Kuykendall, 76, said he's been telling plenty of friends about his unusual find.
"Most people say, ‘You turned it in?' I said, ‘Sure I did; it wasn't my money.'" He admits that he did ask the sheriff early on if he'd be able to keep his find if it turned out to be real money.
It's a good thing he decided to call authorities, though. Had he used the faux dough, he would have been committing a federal crime. Anyone convicted of passing counterfeit money faces up to 20 years in prison and a fine of as much as $250,000, according to federal statutes.
Cherokee officials have called in the U.S. Secret Service to help find whomever possessed the fake cash before the vehicle was impounded.
Kuykendall, meanwhile, is planning to get the car repainted so the criminals from its past don't come looking for it -- and their fake cash.
He said it runs great.
http://www.ajc.com/news/cherokee/man-buys-car-finds-285905.html
He didn't know if it was real money or not, still he turned it in.
Honestly, I would ask my bank to check one note, if it was real, I would keep the money.
What about you?
Tye Kuykendall was looking for a gas leak in the used car he'd recently purchased when he found a surprise inside.
There was a hidden compartment behind the back seat. When he opened it, he came face to face with Benjamin Franklin: Kuykendall had found a sack with stacks of neatly bound $100 bills.

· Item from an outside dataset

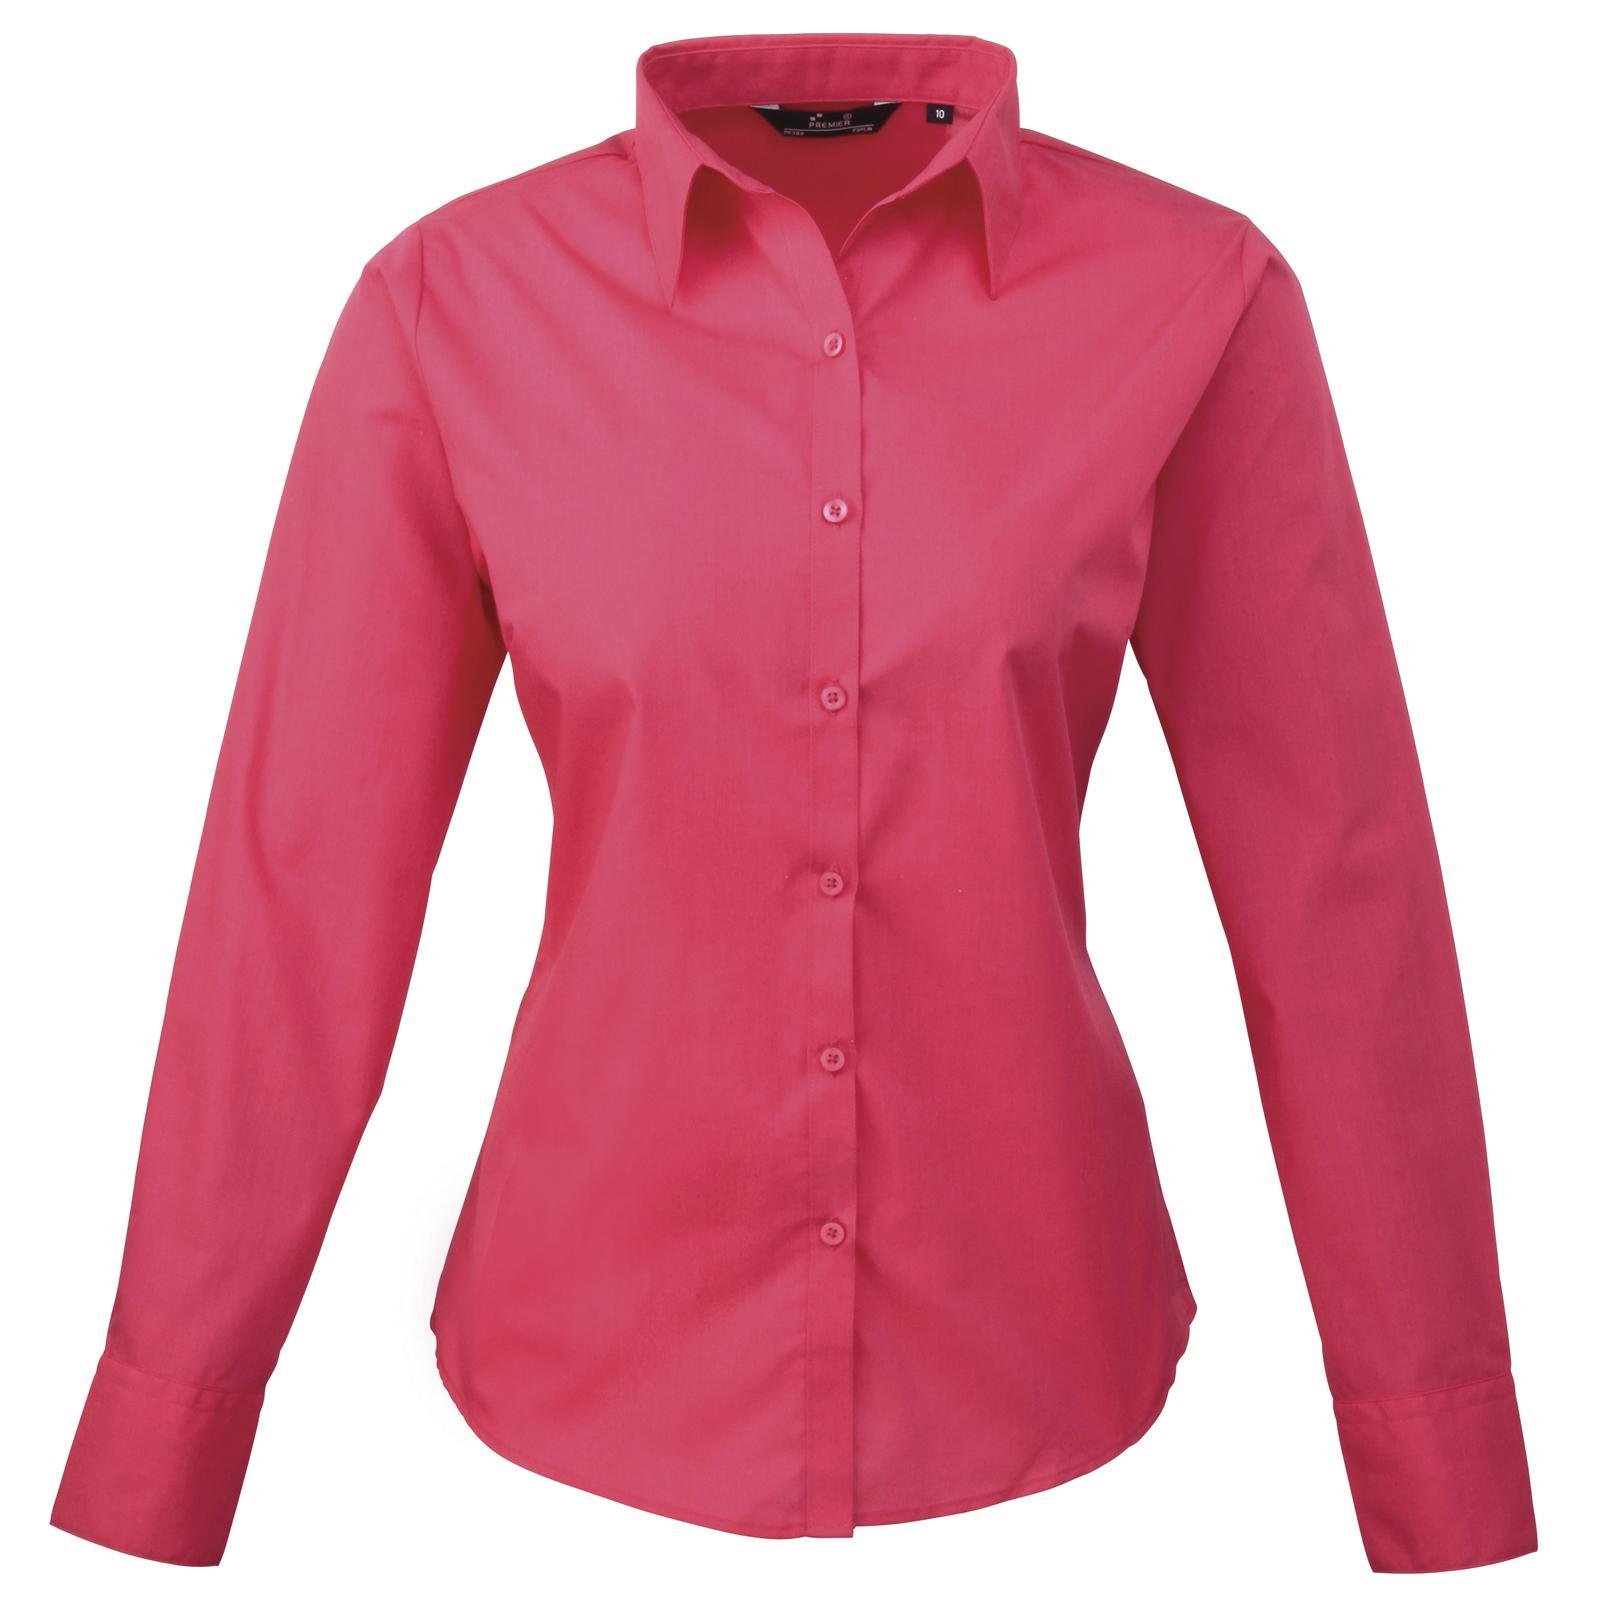 Premier Womens Ladies Poplin Long Sleeve Blouse Shirt 24

"Whew! I thought I was rich," Kuykendall said Thursday. He ran inside to show his wife, but reality quickly set in. He said he realized the money was either counterfeit or connected with drugs. So he called 911, and the Cherokee County Sheriff's Office came within 15 minutes to collect the stash.
That was Monday. On Thursday, the Cherokee sheriff announced that the bounty totaled $200,000. Alas, it was fake money, the sheriff's office said. The sheriff said the car, a 2000 Buick, was towed by a police agency the sheriff isn't identifying back in 2006 and had been sitting in a Fulton County impoundment lot for more than three years.
Kuykendall, of Ball Ground, said he bought the car at auction for $400 last fall, then spent an untold amount of money on repairs. The car had been sitting for years with the windows down and was moldy inside. The brakes needed work, too. And when he got the car on the road, he realized there was a big problem with the fuel system because the car reeked.
"I was hunting around, taking seats out, trying to find out why those fumes were burning our eyes so bad," Kuykendall said. "That's how I found it."
Now, he figures that the prior owner intentionally created the leak to throw off drug-sniffing dogs.
Kuykendall, 76, said he's been telling plenty of friends about his unusual find.
"Most people say, ‘You turned it in?' I said, ‘Sure I did; it wasn't my money.'" He admits that he did ask the sheriff early on if he'd be able to keep his find if it turned out to be real money.
It's a good thing he decided to call authorities, though. Had he used the faux dough, he would have been committing a federal crime. Anyone convicted of passing counterfeit money faces up to 20 years in prison and a fine of as much as $250,000, according to federal statutes.
Cherokee officials have called in the U.S. Secret Service to help find whomever possessed the fake cash before the vehicle was impounded.
Kuykendall, meanwhile, is planning to get the car repainted so the criminals from its past don't come looking for it -- and their fake cash.
He said it runs great.
http://www.ajc.com/news/cherokee/man-buys-car-finds-285905.html
He didn't know if it was real money or not, still he turned it in.
Honestly, I would ask my bank to check one note, if it was real, I would keep the money.
What about you?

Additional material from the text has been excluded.